Till Eulenspiegel (German pronunciation: [tɪl ˈʔɔʏlənˌʃpiːɡəl]; Low German: Dyl Ulenspegel [dɪl ˈʔuːlnˌspeɪɡl̩]) is the protagonist of a European narrative tradition. A German chapbook published around 1510 is the oldest known extant publication about the folk hero (a first edition of c. 1510/12 is preserved fragmentarily), but a background in earlier Middle Low German folklore is likely. The character may have been based on a historical person.
Eulenspiegel is a native of the Duchy of Brunswick-Lüneburg whose picaresque career takes him to many places throughout the Holy Roman Empire. He plays practical jokes on his contemporaries, at every turn exposing vices. His life is set in the first half of the 14th century, and the final chapters of the chapbook describe his death from the plague of 1350.
Eulenspiegel's surname translates to "owl-mirror"; and the frontispiece of the 1515 chapbook, as well as his alleged tombstone in Mölln, Schleswig-Holstein, render it as a rebus comprising an owl and a hand mirror. It has been suggested that the name is in fact a pun on a Low German phrase that translates as "wipe-arse".[1]
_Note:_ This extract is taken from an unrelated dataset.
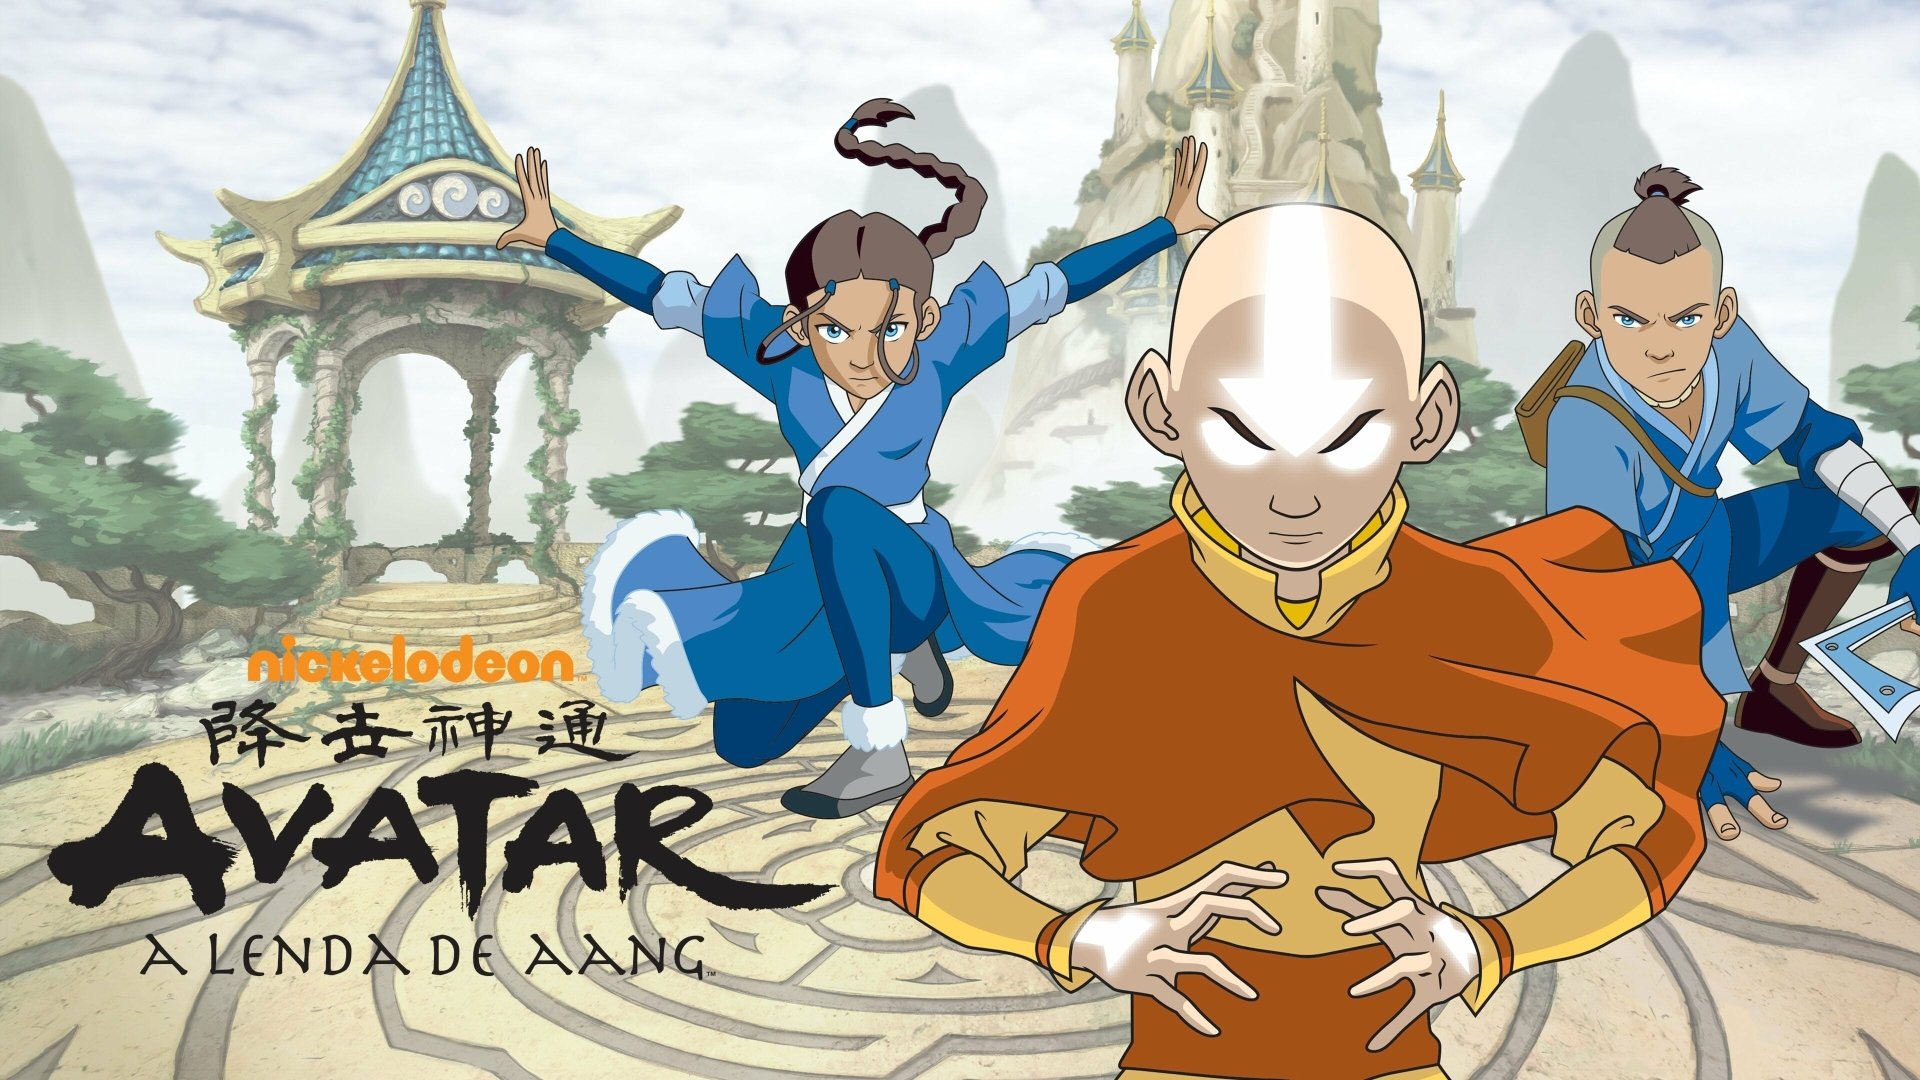 3840x2160 Avatar: The Last Airbender Wallpaper Background Image.

Modern retellings of the Eulenspiegel story have been published since the latter 19th century. The Legend of Thyl Ulenspiegel and Lamme Goedzak, by Charles De Coster (1867), transfers the character to the period of the Reformation and the Dutch Revolt; the novel's Ulenspiegel (in modern Dutch, Tijl Uilenspiegel) was adopted as a symbol by the Flemish Movement.